Hacker to get $12,500 from Facebook for finding photo glitch

An “ethical hacking enthusiast” from southern India is to receive a $12,500 bounty from Facebook after discovering a vulnerability which allowed him to delete any photo hosted on the social network.

Posting details of the discovery on his blog this week, Arul Kumar told how the bug was initially dismissed by the company, prompting him to make a step-by-step video showing the flaw in detail.

In the video he explained how he “exploited Mark Zuckerberg’s photo from his photo album”.
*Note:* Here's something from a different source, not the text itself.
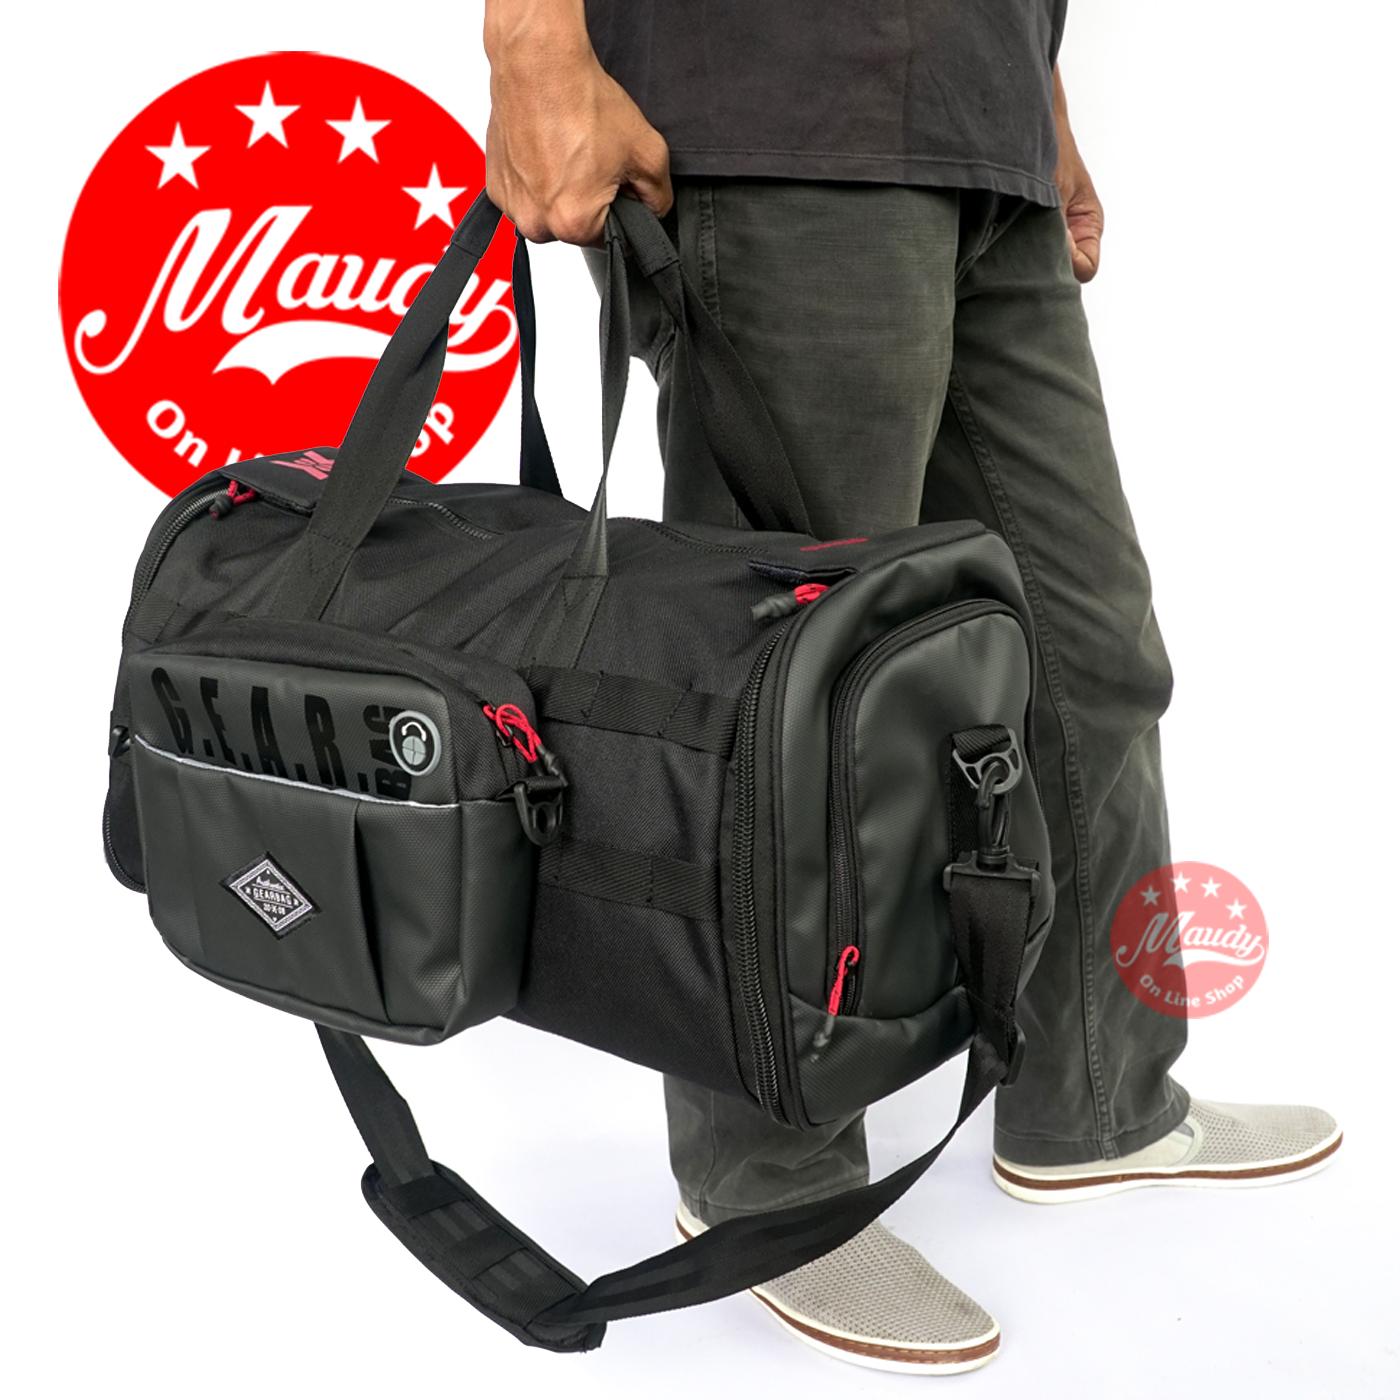 travel bag duffel bag messenger bag tas pakaian pria tas jinjing tas selempang tas olahraga tas mudik tas multifungsi tas elegan – gearbag outland
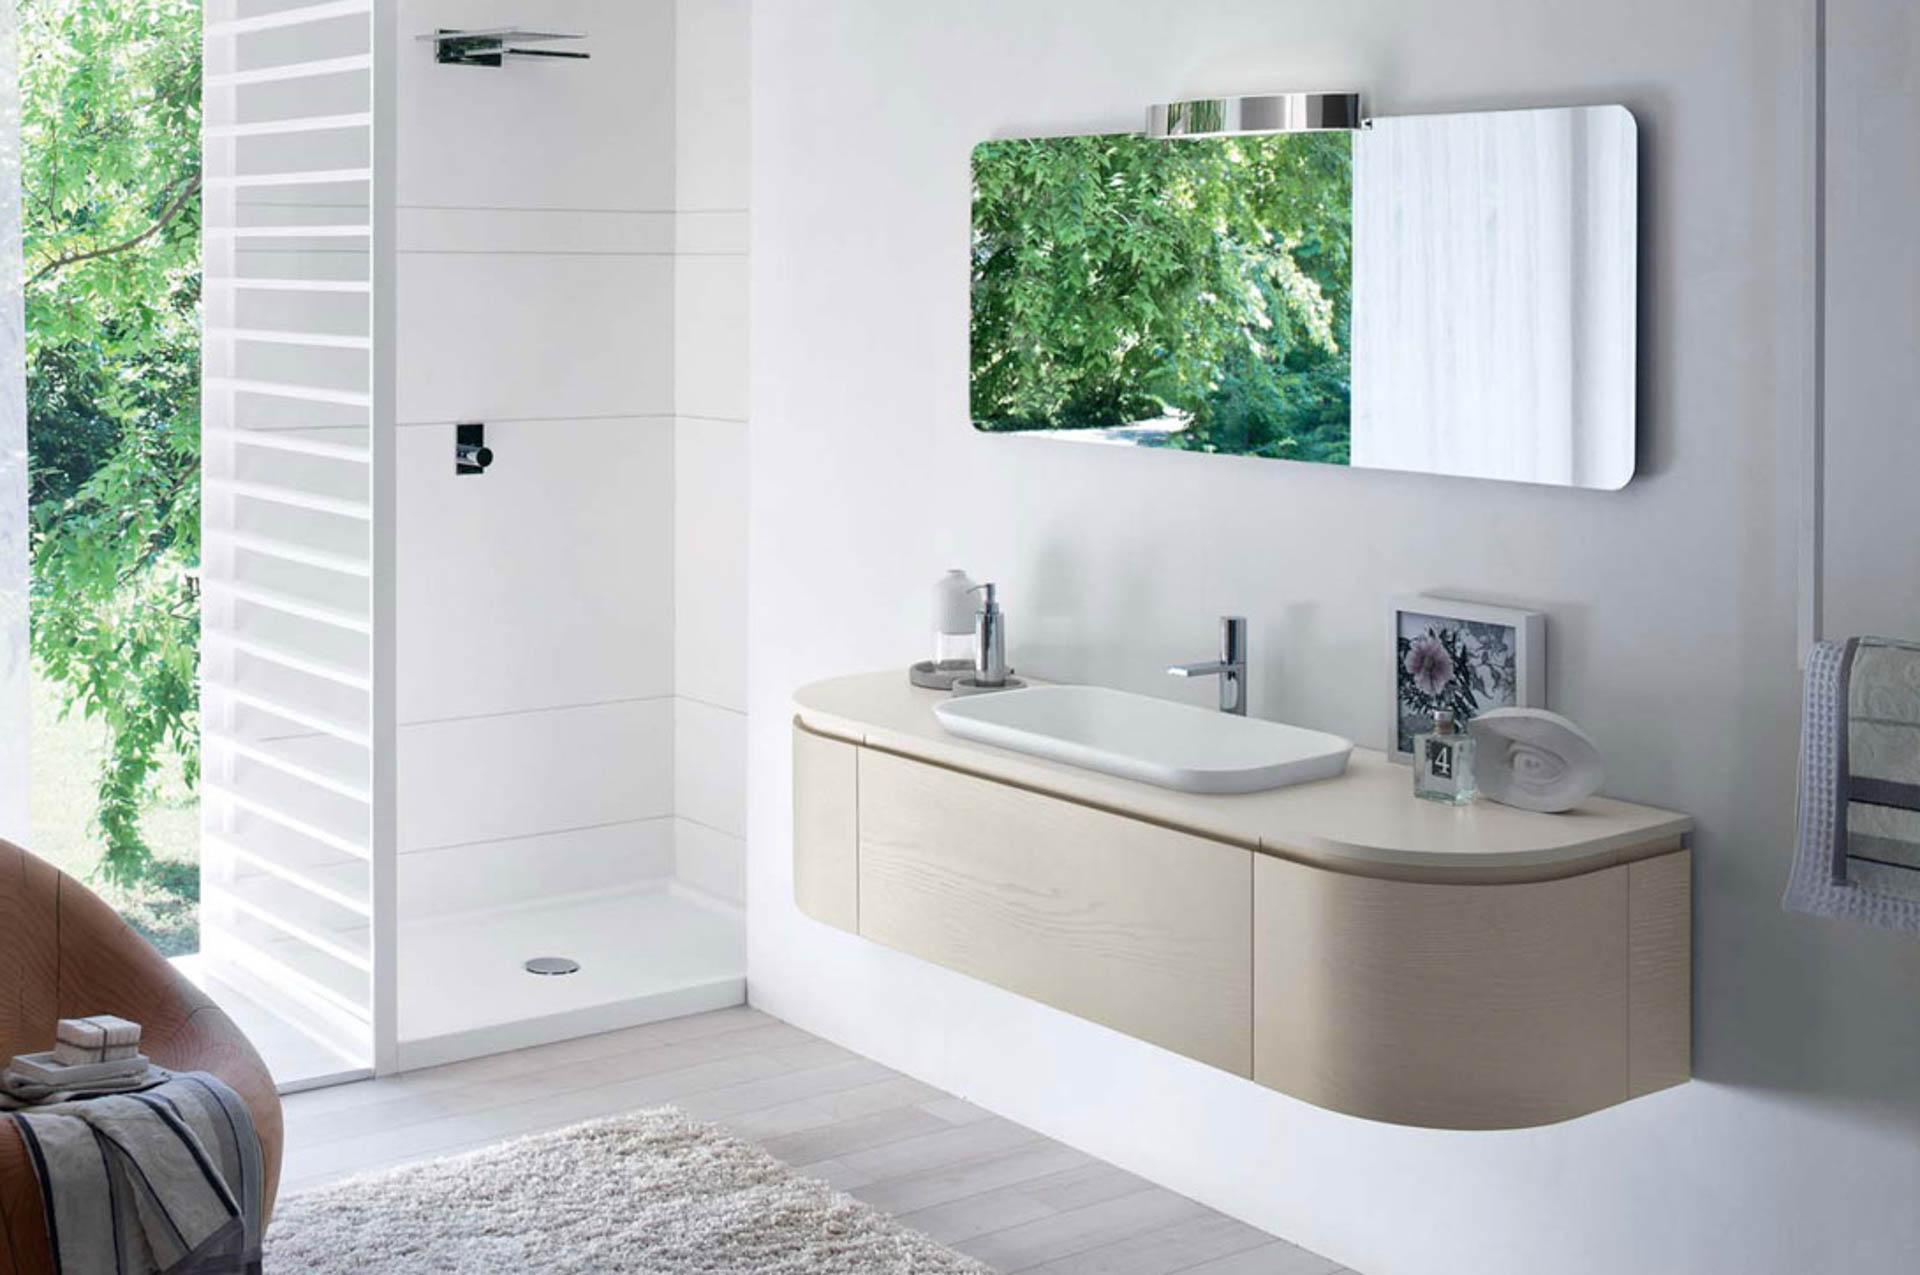 Il mobile bagno dalle forme morbide e lineari orsolini - Mobili bagno roma ...

Kumar held off on actually deleting any images of the Facebook founder, but on receiving the video evidence the bug was accepted as fact by Facebook, with Kumar receiving a message from one of the company’s security team telling him, “I wish all bug reports had such a video”.

Rewarded
With the vulnerability fixed in recent days, it allowed the 21-year-old to reveal full details of his work and the $12,500 reward through his blog.

Vice president for security research with Trend Micro, Rik Ferguson, said some industrious ethical hackers may see finding such issues as a solid revenue stream, with other companies such as Microsoft, Google and PayPal offering similar rewards for finding glitches within their sites, services and products.

“And why not? It’s a lot of effort to find the defects and it’s only right then that people should be rewarded for those efforts as it’s helping whoever the defect affects to develop a better end product,” he said.

Ferguson told The Irish Times that “there was a big movement a few years ago of ‘no more free bugs’ as people were sick of not being rewarded for finding errors and vulnerabilities, and in response to that a lot of companies have begun these bounty programs.”

Security blogger and head of technology for the Asia Pacific region with Sophos, Paul Ducklin, noted that the reason Facebook paid Kumar “top dollar” by bounty standards (with many bounties starting at $500) was that “it’s not just deleting a photo, it’s something which could be used for malware”.

Ducklin noted that in the case of a company such as Microsoft some bounties can reach up to $100,000, depending on the complexity and importance of the flaw discovered. Ducklin added that the decision by Kumar to present his case by video was certainly of help to his case.

Vulnerability
“The bounty amounts vary by how hard it is yes, but also how well you present your case and by doing it through video it makes it much easier for them to fix it as they can see what exactly they have to do.”

Kumar’s methods of highlighting the bug were more successful than the recent efforts of Khalil Shreateh, an IT graduate from Palestine, who had discovered a vulnerability which allowed someone to post a message on a person’s Facebook timeline, even if they were not “friends” with that individual.

After becoming upset when an official Facebook response told him “this is not a bug”, Shreateh posted a message on Zuckerberg’s personal wall utilising the vulnerability in question.

However, as this violated the company’s terms for discovering bounties Shreateh found he would not be receiving any reward and instead saw his account temporarily suspended.